EXERCISE REQUIREMENTS: Write out each line of the listing as it stands, without the images.

━━━ RECORDED DATA

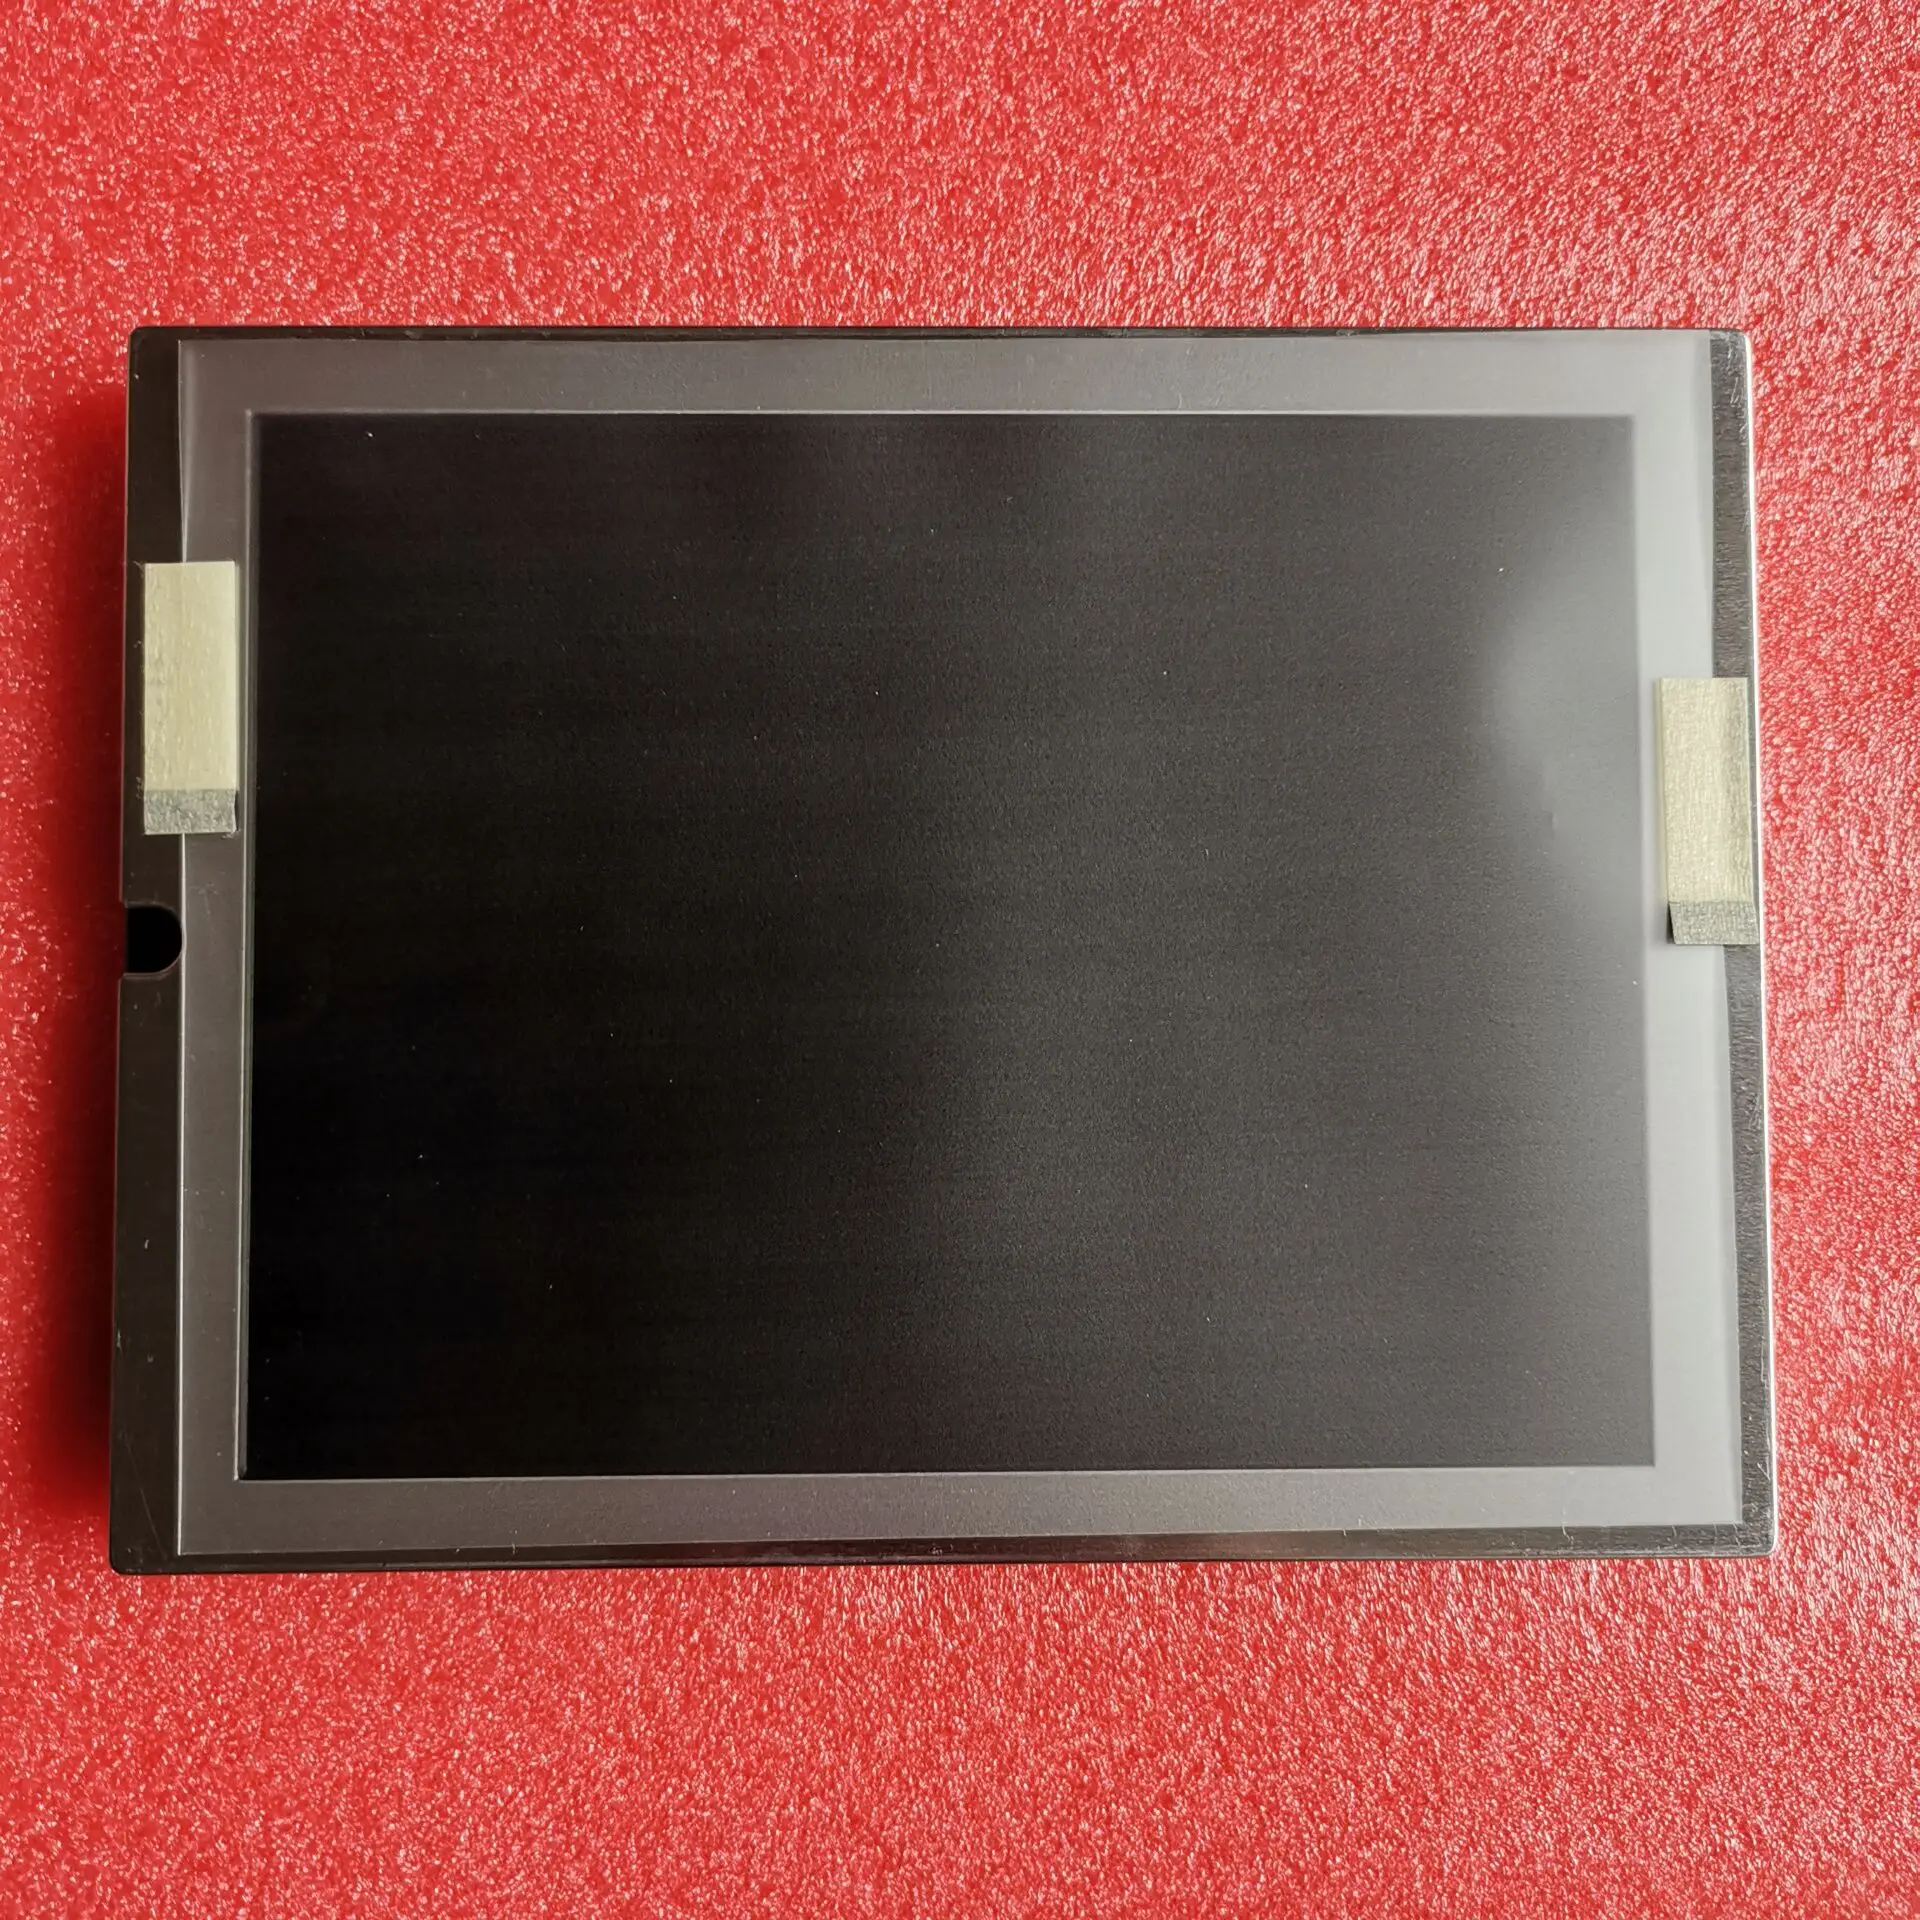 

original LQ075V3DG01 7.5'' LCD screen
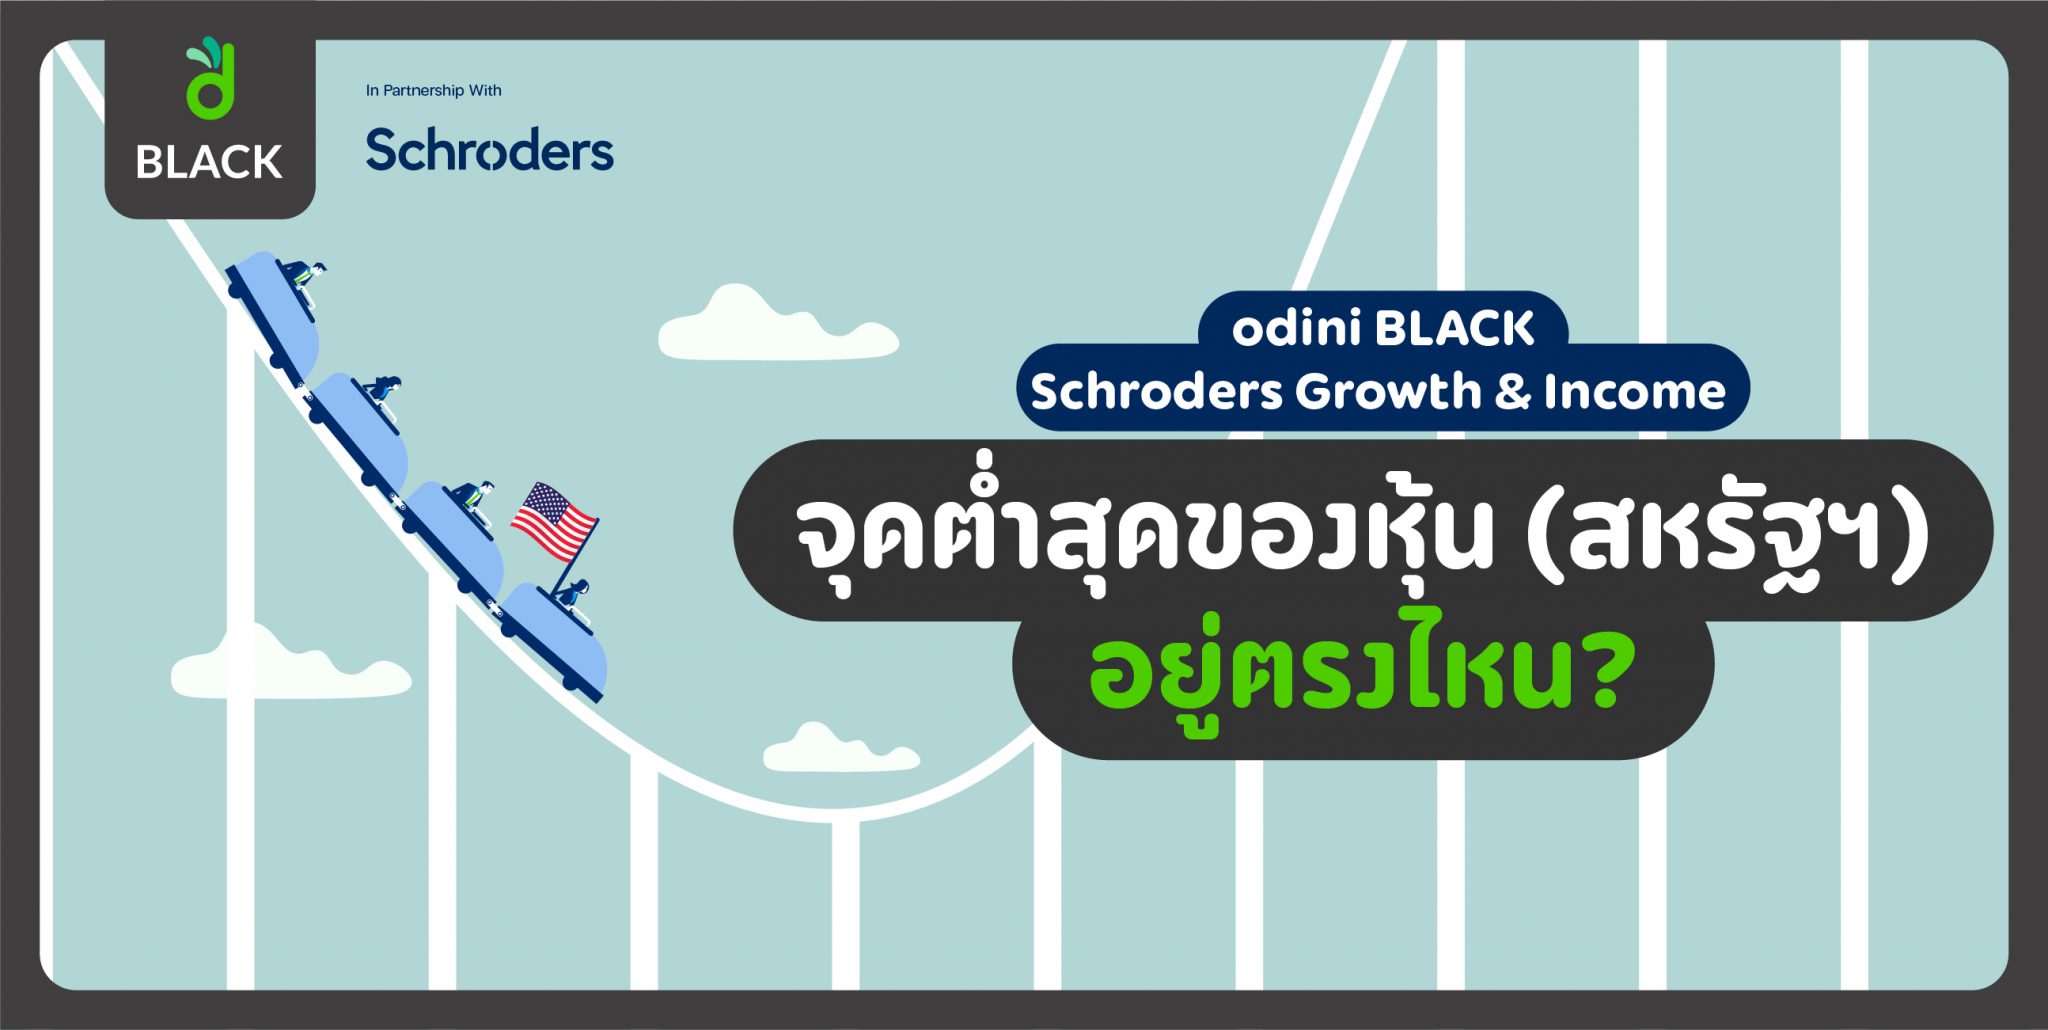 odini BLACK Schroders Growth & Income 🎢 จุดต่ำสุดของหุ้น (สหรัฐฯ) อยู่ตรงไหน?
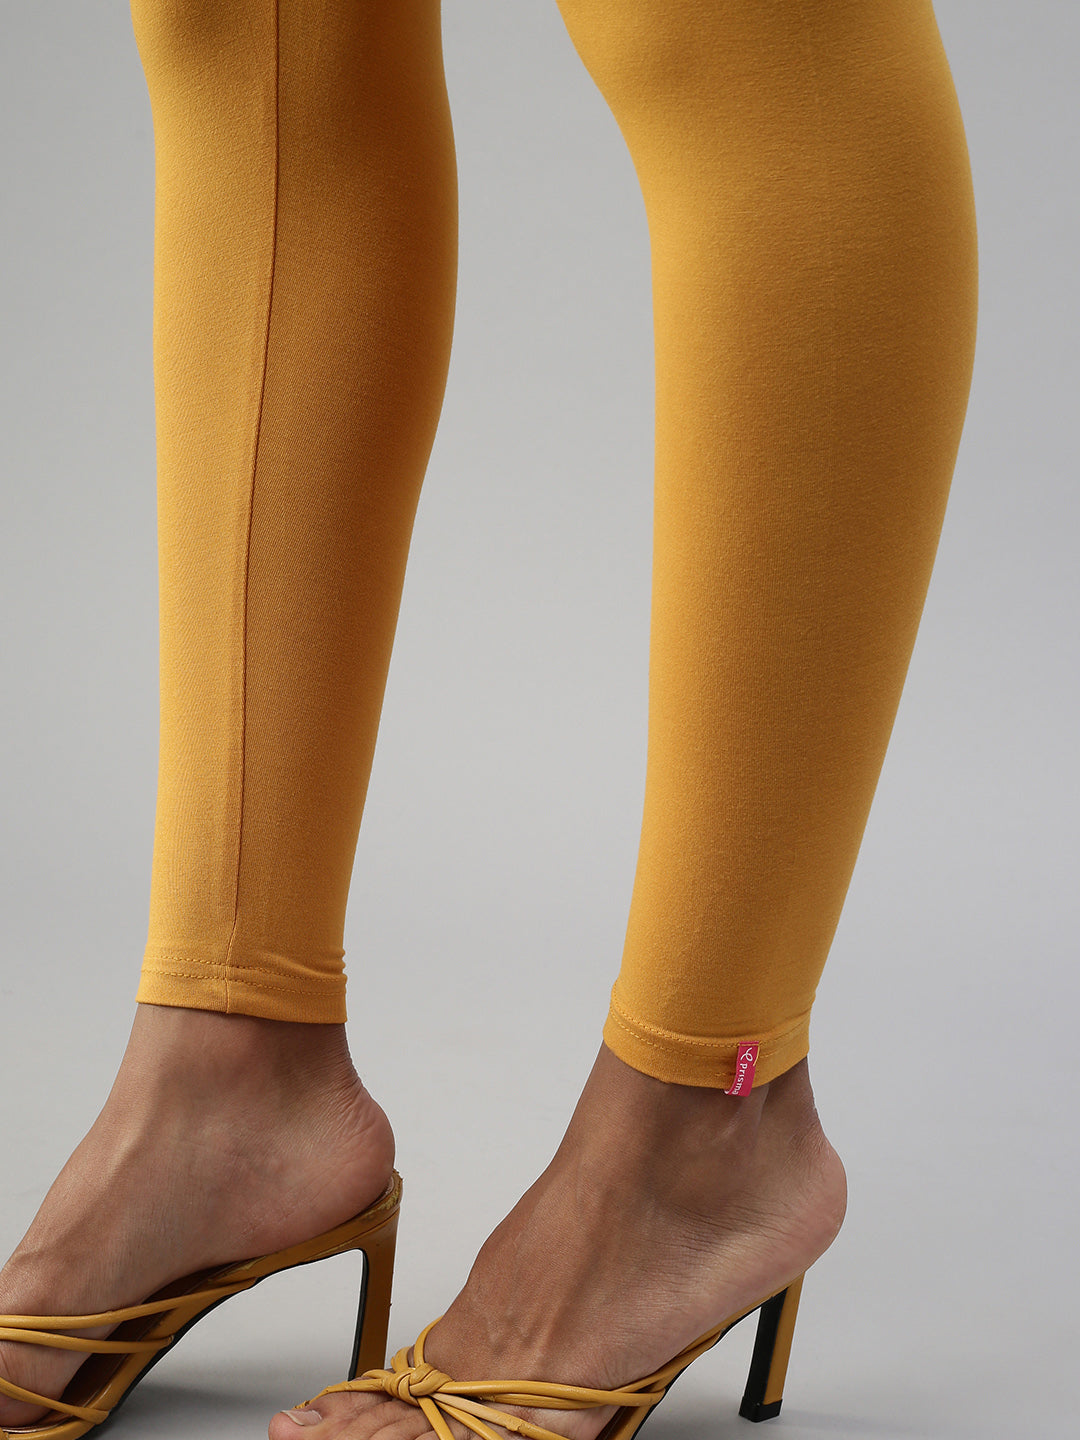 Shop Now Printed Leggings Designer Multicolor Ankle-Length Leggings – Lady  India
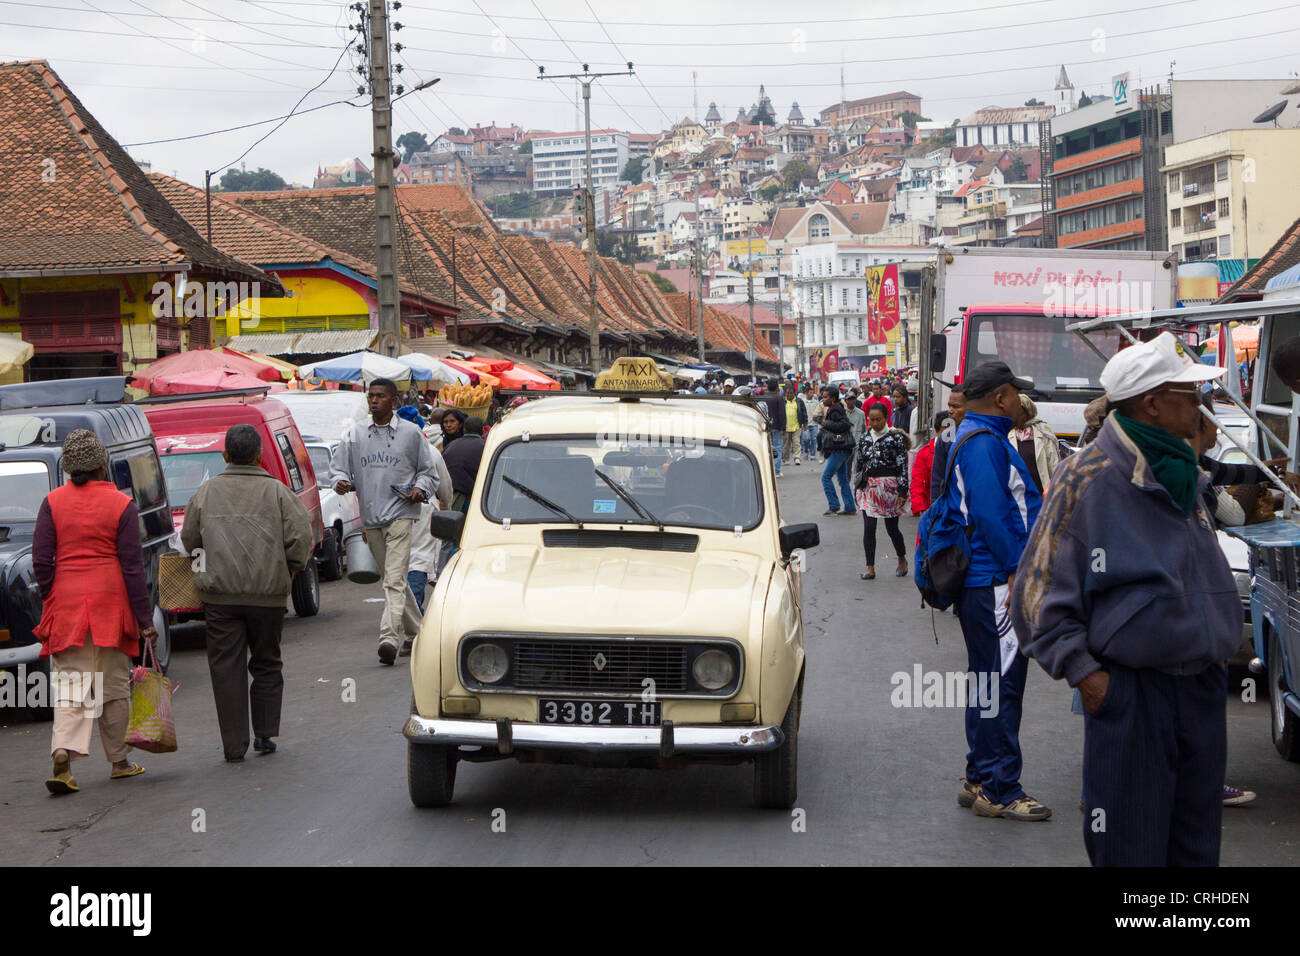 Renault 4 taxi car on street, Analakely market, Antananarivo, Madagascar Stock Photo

━━━━━━

EXERCISE ANSWER:
original LQ075V3DG01 7.5'' LCD screen
 odini BLACK Schroders Growth & Income 🎢 จุดต่ำสุดของหุ้น (สหรัฐฯ) อยู่ตรงไหน?
 Shop Now Printed Leggings Designer Multicolor Ankle-Length Leggings – Lady  India
 Renault 4 taxi car on street, Analakely market, Antananarivo, Madagascar Stock Photo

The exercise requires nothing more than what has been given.